Inhabitants of Plaistow to the People of the United States of America

http://www.alplm-cdi.com/chroniclingillinois/files/uploads/RG59E177-314.pdf

Title

Inhabitants of Plaistow to the People of the United States of America

Subject

Lincoln, Abraham, 1809-1865
Presidents--Assassination
Condolence notes
Demonstrations

Creator

Inhabitants of Plaistow

Publisher

Abraham Lincoln Presidential Library and Museum

Date

1865-XX-XX

Format

pdf

Language

eng

Identifier

RG59E177-314

Coverage

51.0500, -0.5667
Plaistow
England
United Kingdom

Has Version

The Assassination of Abraham Lincoln, Late President of the United States of America, and the Attempted Assassination of William H. Seward, Secretary of State (Washington: Government Printing Office, 1866), 323.
The Assassination of Abraham Lincoln, Late President of the United States of America, and the Attempted Assassination of William H. Seward, Secretary of State (Washington: Government Printing Office, 1867), 423-24.

Transcription

From the inhabitants of Plaistow, Essex, England, in public meeting assembled, to the people of the United States of America.

Permit us, as a small portion of the English nation, to add our sentiments of sympathy and sorrow to those felt by you on the recent lamentable events which have plunged your whole community into intense grief.

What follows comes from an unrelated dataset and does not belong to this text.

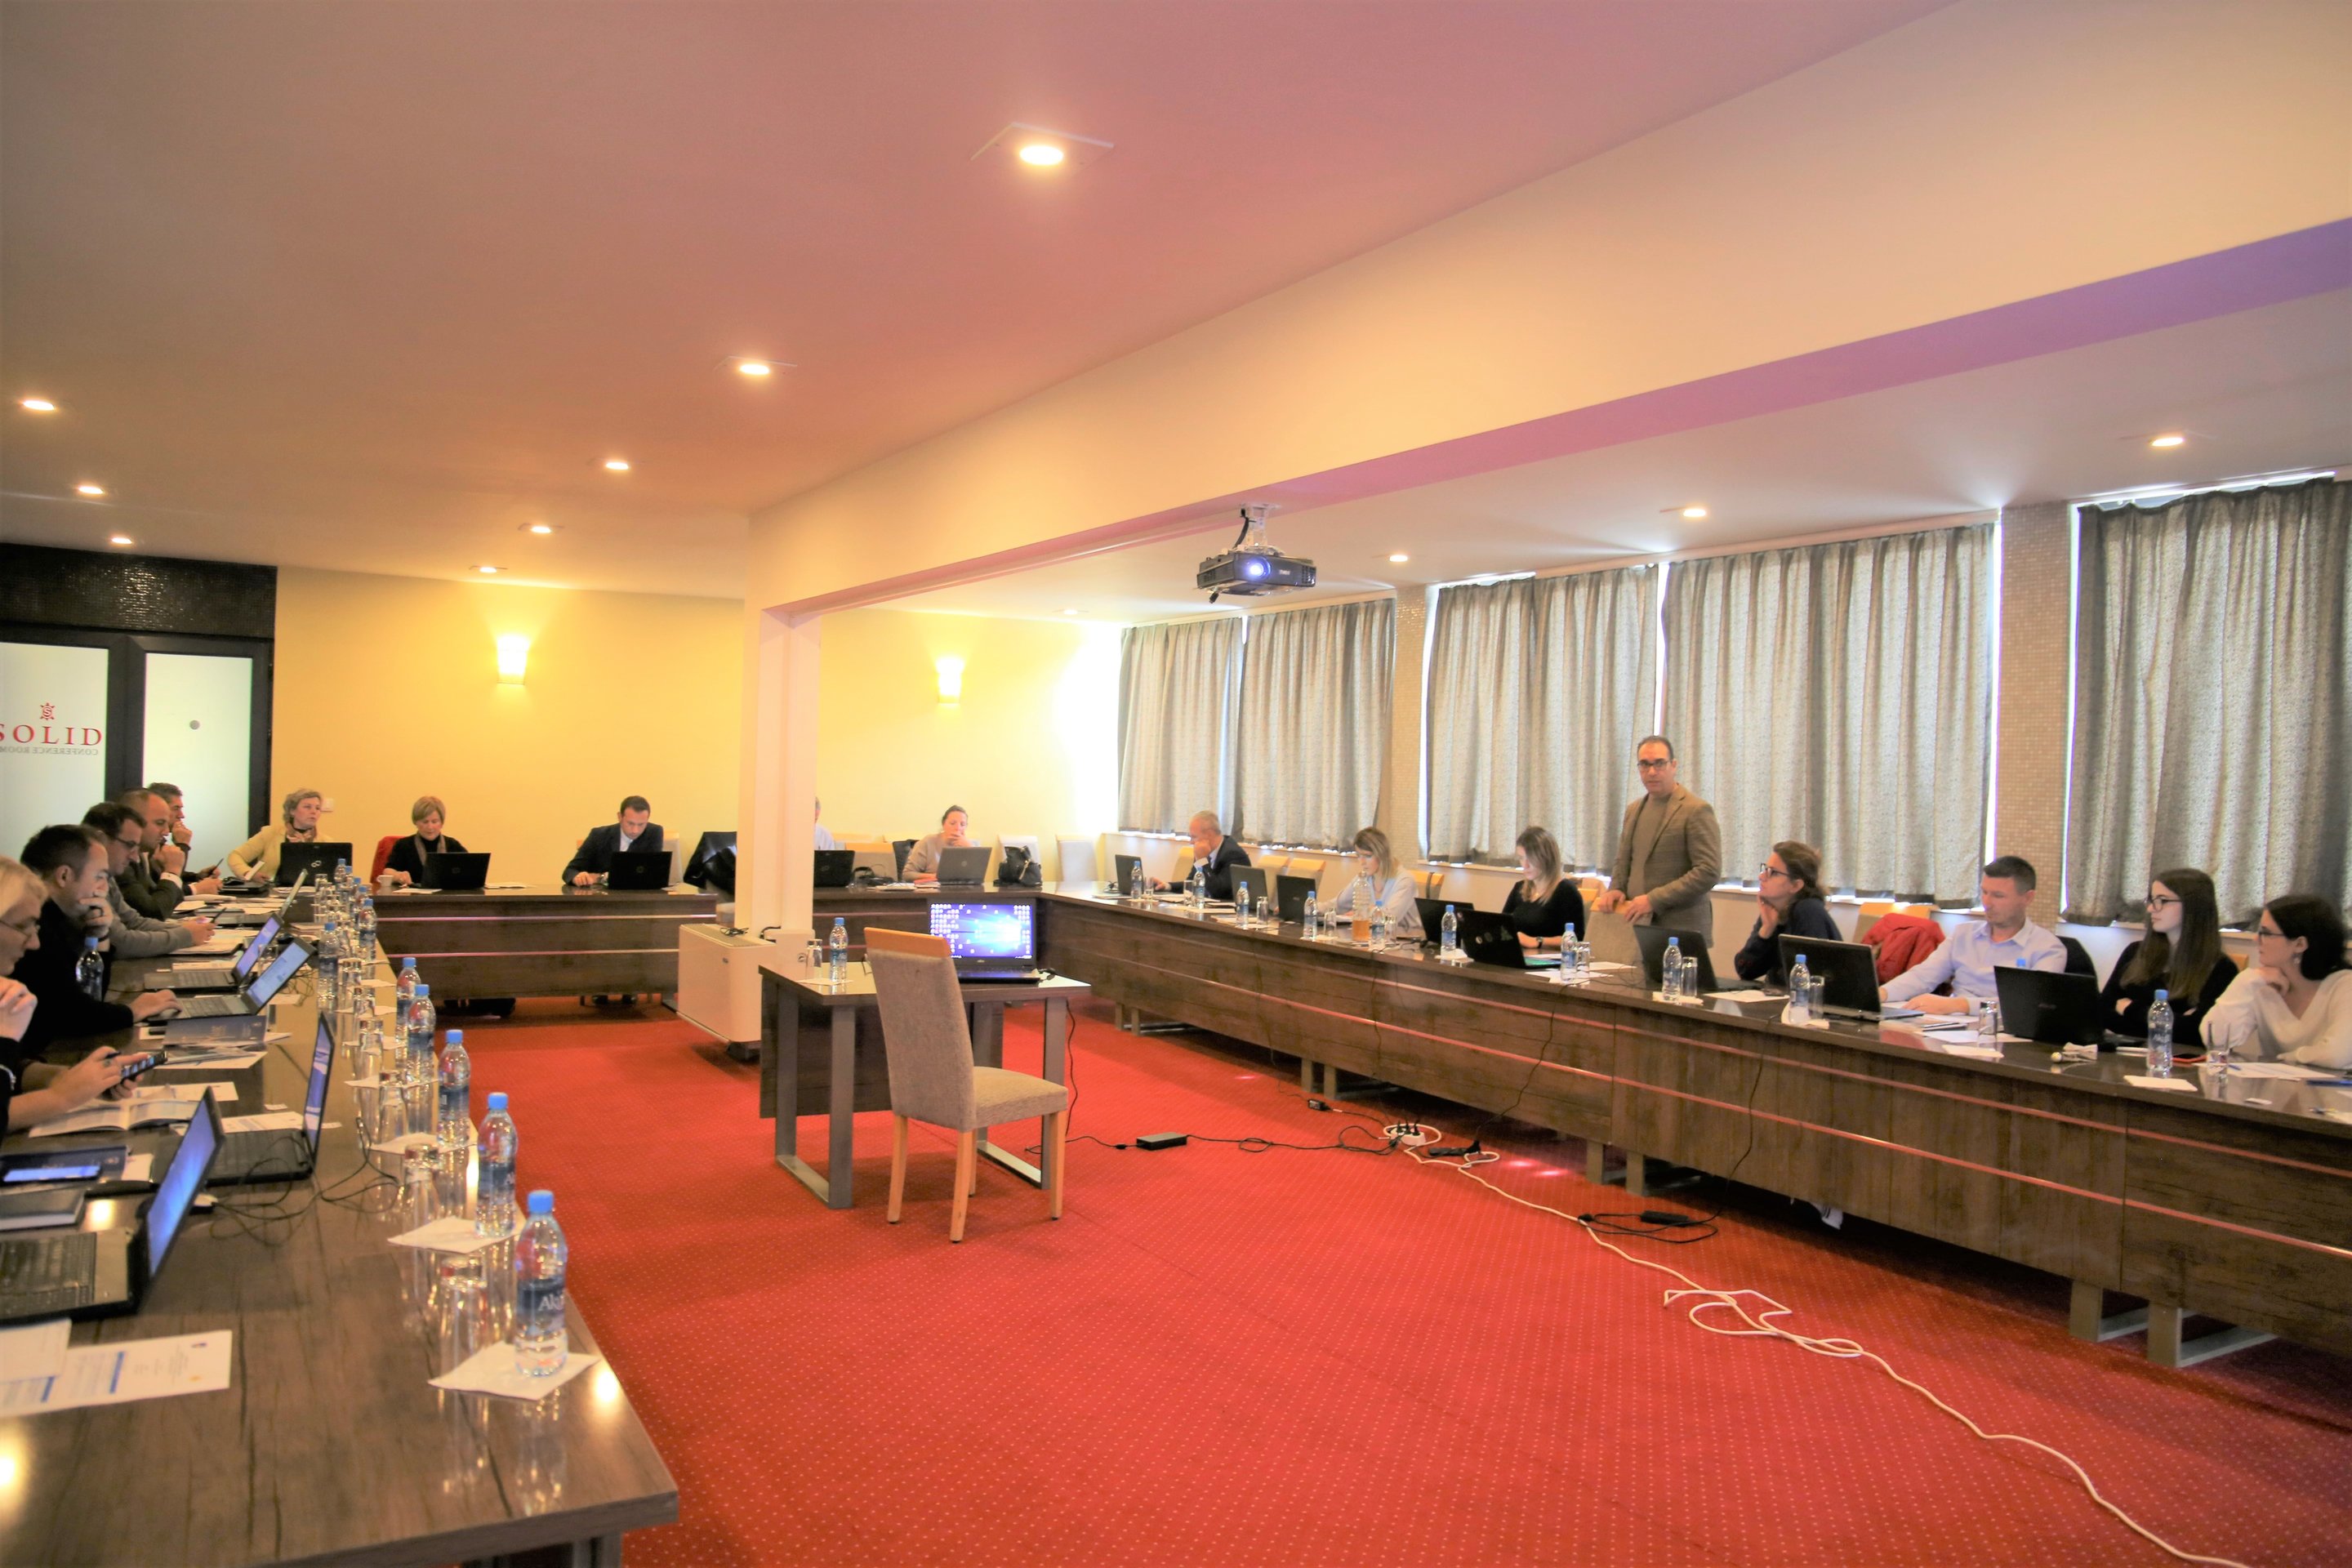 Drejtori i Përgjithshëm, Krasniqi: Menaxhimi i llogaridhënies, në fokus të shtuar të angazhimeve të administratës për vitin 2020

The base assassination of President Lincoln, with the attempted murder of a chief member of your government, is one of those events which merge in common unity those minor political differences which are essential to the freedom of great nations, but without necessity inferring antagonism. Permit us, therefore, as one with you, to offer our profound sympathy and sorrow, to unite in detestation of a crime disgraceful to humanity, and to assure you that the blow struck at yourselves recoils on us.

But, further, we heartily sympathize with that national action which, as expounded by your lamented President, had for its result the emancipation of slaves, and in the destruction of rebellion the destruction also of that system which we believe to have been its moving cause, even if not the prompting cause, also, of President Lincoln’s assassination and the murderous attack on Mr. Seward. That as a united and universally free nation your present position may be unendangered by recent events and your future course attended by increasing stability and glory is our earnest desire, thus expressed through the medium of your official representative at St. James.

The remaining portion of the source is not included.